Хочется думать, что перед тем, как обратиться к данным страницам, вы уже прочитали разбираемый роман и знакомы с другими произведениями Барохи[57].Литературная критика не может подменить собой художественное произведение, она лишь выжимает из него все соки. Мне представляется, что принципиальная задача критики — расчленить произведение на элементы с целью усилить их влияние на читателя и тем самым довести общее воздействие книги до максимального, чтобы при новом чтении как бы приумножались все заложенные в ней энергии. Подобно лаку на полотнах живописи, критика стремится создать вокруг объектов художественной литературы болеечистую атмосферу, атмосферу горных вершин, где краски интенсивнее, а перспектива глубже.

Заслуги бормотания

Когда-то Бароха был охвачен желанием называть вещи своими именами, возможно потому, что считал: исключительная простота выражений — лучший инструмент для достижения ясности. Но почему-то в результате никакого прояснения не наступало. Его произведения — полная мешанина и неразбериха, вроде обыкновенного бормотания. Да это действительно бормотание, идеологическое и эстетическое. Бормотание — форма речи детей, детский лепет. Не то чтобы дети не умели говорить, просто их мышление и чувства находятся на стадии становления, мешанины, бесформенности. Ребенок, коверкающий осмысленные высказывания, показался бы нам отвратительным, ребенок, который просто бормочет нечто бессвязное, кажется нам очаровательным. И Бароха великолепен как бормотун. Ведь отчего мы испытываем сильнейшее раздражение, читая испанские книги? Разве не утекло пятьдесят лет… целый век… два века со времени всех этих творений семнадцатого столетия, которые мы бездумно именуем «кастильской классикой»? Почему, когда мы добираемся до произведений шестнадцатого века, нам кажется, что мы вышли в чистое поле и свежий ветер овевает виски? И мучительные сомнения терзают нас на зеленом сыром лугу, пронизанном светлыми музыкальными волнами, нисходящими с ярко-синего неба, блестящего и твердого. Почему протекшие столетия привели нас в конце концов к столь примитивному состоянию, что нам кажется, что мы двигались вспять во всех отношениях: и в отношении жизни в целом, и в отношении людей, вещей, духа, материи? Почему, встретив грубую архаику «Песни о моем Сиде»[58],мы считаем, что обрели какую-то действительность, настоящую реальность, в то время как последующая литературная продукция — тягостна как отдаленное законченное прошлое, в которое уже невозможно вдохнуть жизнь?

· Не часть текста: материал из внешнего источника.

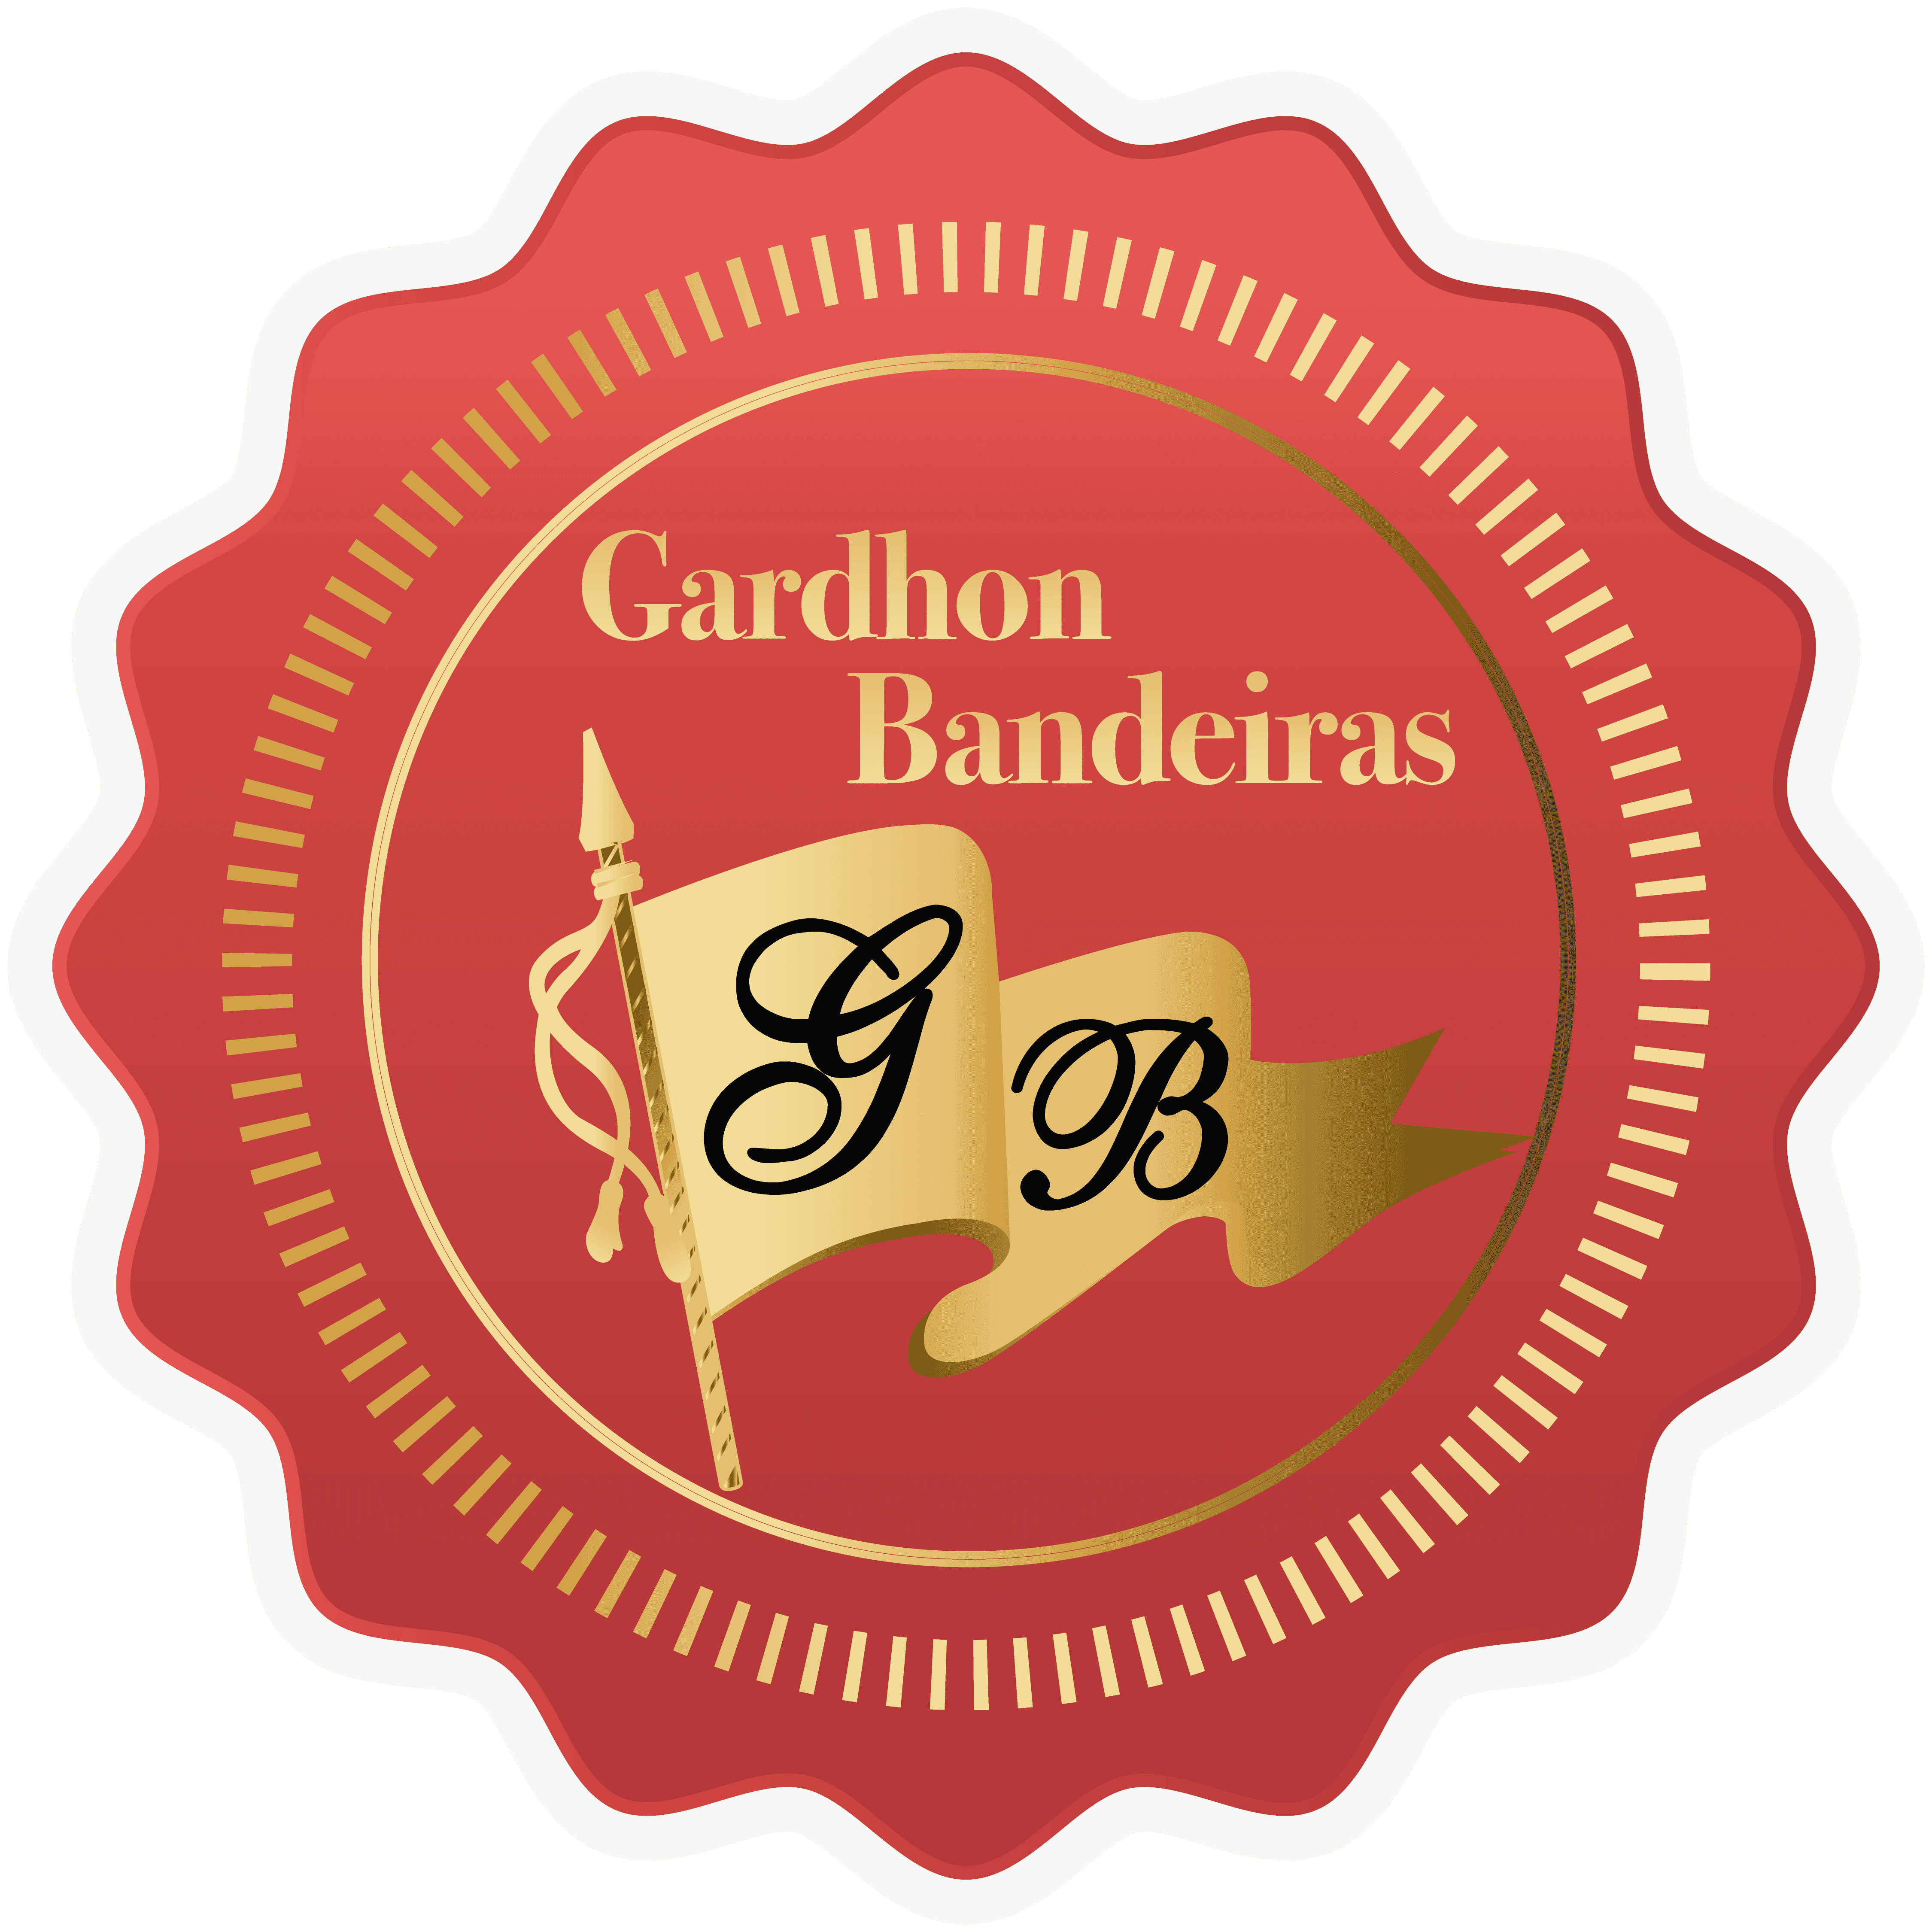  Colégio Gardhon Bandeiras

«Песнь о моем Сиде» — это героическое бормотание, человек, который учится ходить, применяет грубые средства, чтобы выразить простую душу, душу гиганта-юнца, обитающего среди готов и кельтоиберов, душу, свободную от рефлексии, состоящую из случайных и смутных порывов. Певец поет эту песню там вдали на сокрушенной и враждебной высоте Мединасели, подобно тому, как беркут кричит с вершины скалы; он знает самую прямую дорогу в интимную глубину волевой реальности, он сам как бы воплощает ее. И пусть это еще не вполне искусство, но для начала — кратчайший путь в наше сердце, сердце, потрясенное происходящим; такое искусство, по крайней мере, искренне[59].

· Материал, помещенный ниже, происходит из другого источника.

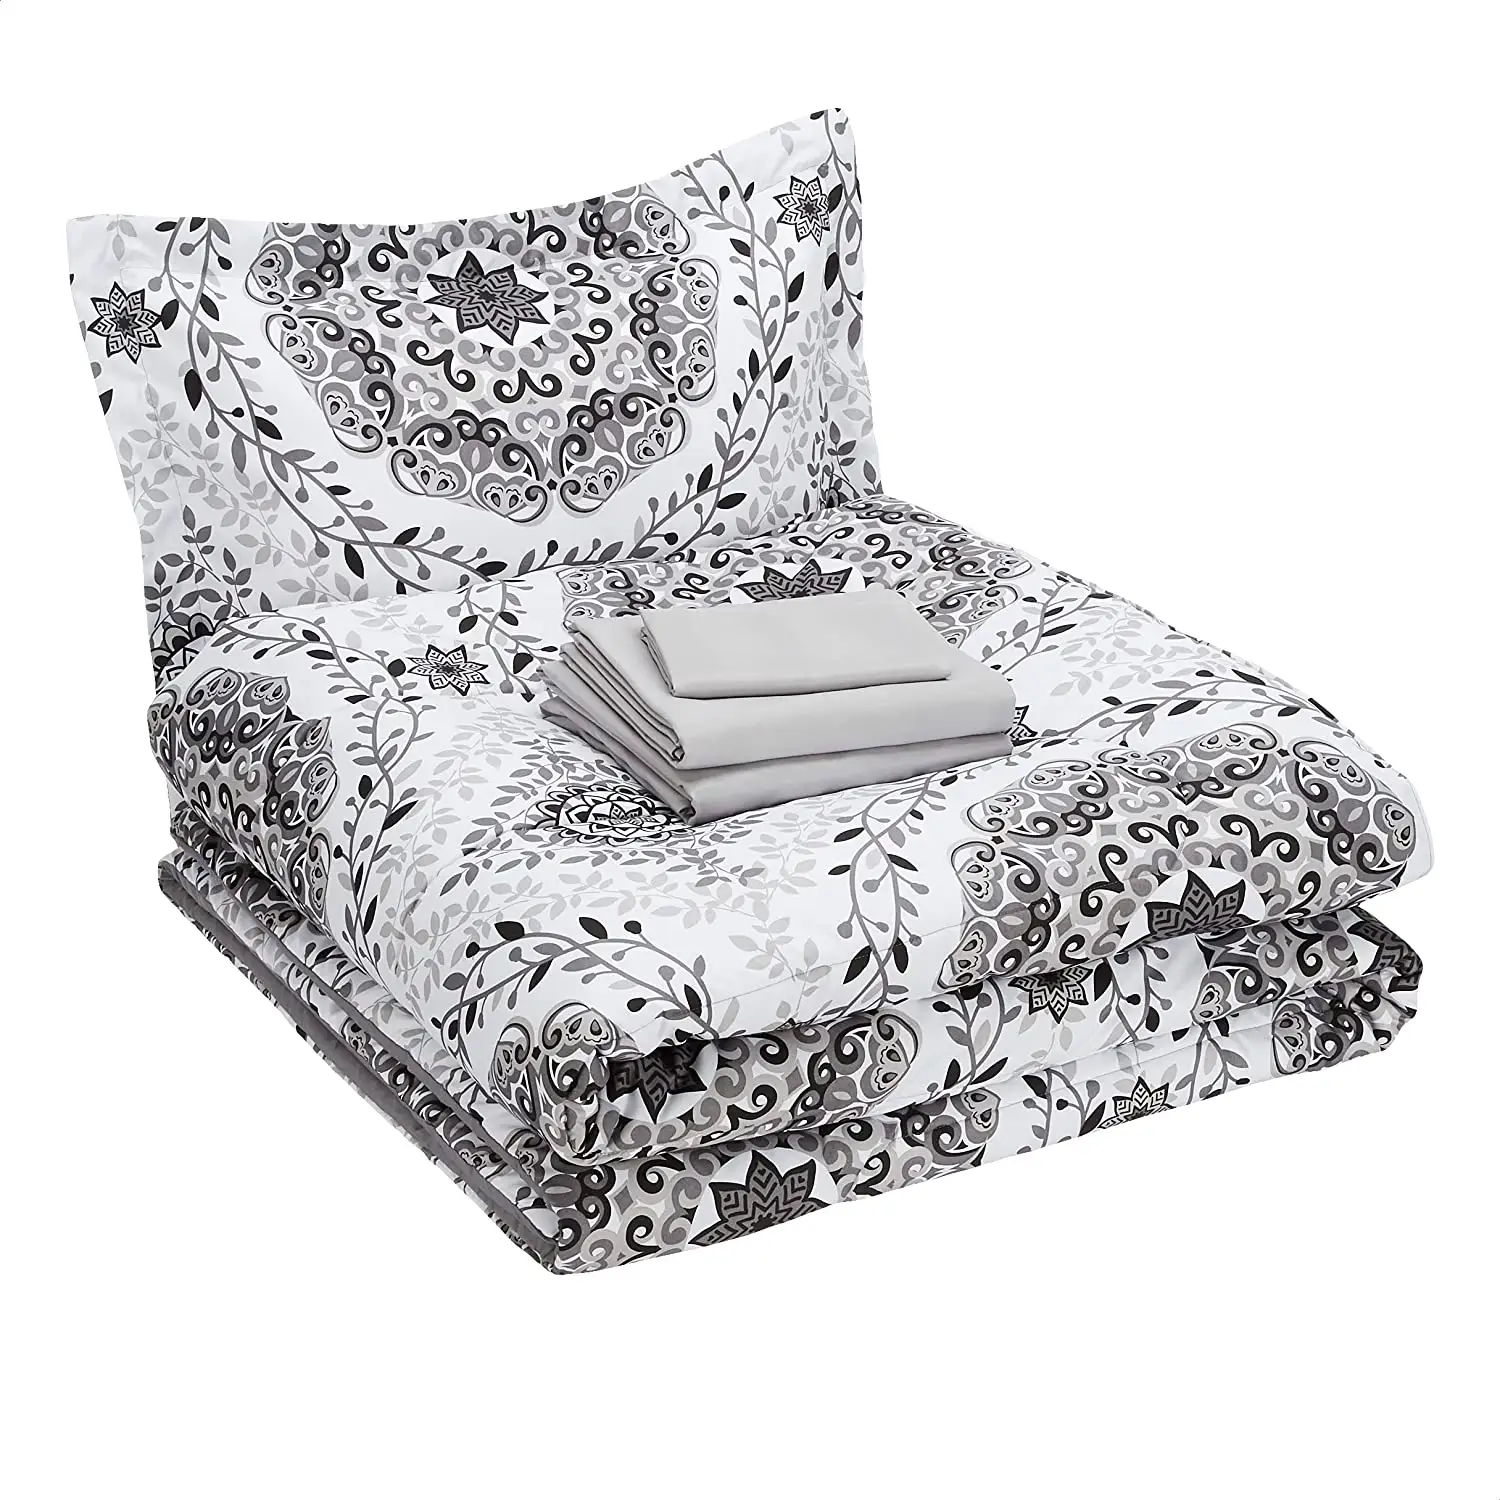 Juego de cama completo con estampado de flores geométricas, edredón de lujo de alta calidad

Но фатальная двойственность нашей истории, которая уводила народ в направлении, совершенно чуждом подлинной его сути, закладывала возможность склеивать из кусков чужих культур нечто внешне похожее на литературу. Очевидная усложненность формы этой литературы сковывала национальный дух, еще примитивный и варварский, находящийся где-то между готикой и кельтоиберикой, с мыслями поверхностными, с желаниями беспорядочными, эмоциями зачаточными. А литература у нас каждый раз все больше отклонялась в сторону риторики. Ведь риторика отличается по стилю от настоящей поэзии, выражающей глубоко интимную реальность, но беда как раз в том, что наша поэзия была лишена этой самой глубины интимности, и ей приходилось лезть из кожи вон и выражать то, что уже выражено, напоминая фокусника, заламывающего руки и манерно изгибающегося, словно глубина изгиба может выразить нечто важное.

Стиль речи, господствовавший в наших книгах, как будто ориентировался лишь на бессмысленную сложность: оседлать речевой период было труднее, чем триумфальную арку, кстати, оба явления возникли под влиянием чисто орнаментального вдохновения. Как попона, задубевшая от шитья, как дождевой плащ, прошитый металлической нитью, ниспадали литературные формы на жалкое тельце психики, слабой и инфантильной. Они напоминали одеяния, в которые художники барокко втирали глину, чтобы добавить им значительности, на них делали пышные складки, широкие и выразительные или нервно вздыбленные. Под одеждой носили гомункулы — специальный поддерживающий каркас или скелет, — но тут весь вопрос в том, что на нем держалось? А держались на нем юбки и мантии, создавая ложную гигантскую мускулатуру из бархата или гвадамеси[60].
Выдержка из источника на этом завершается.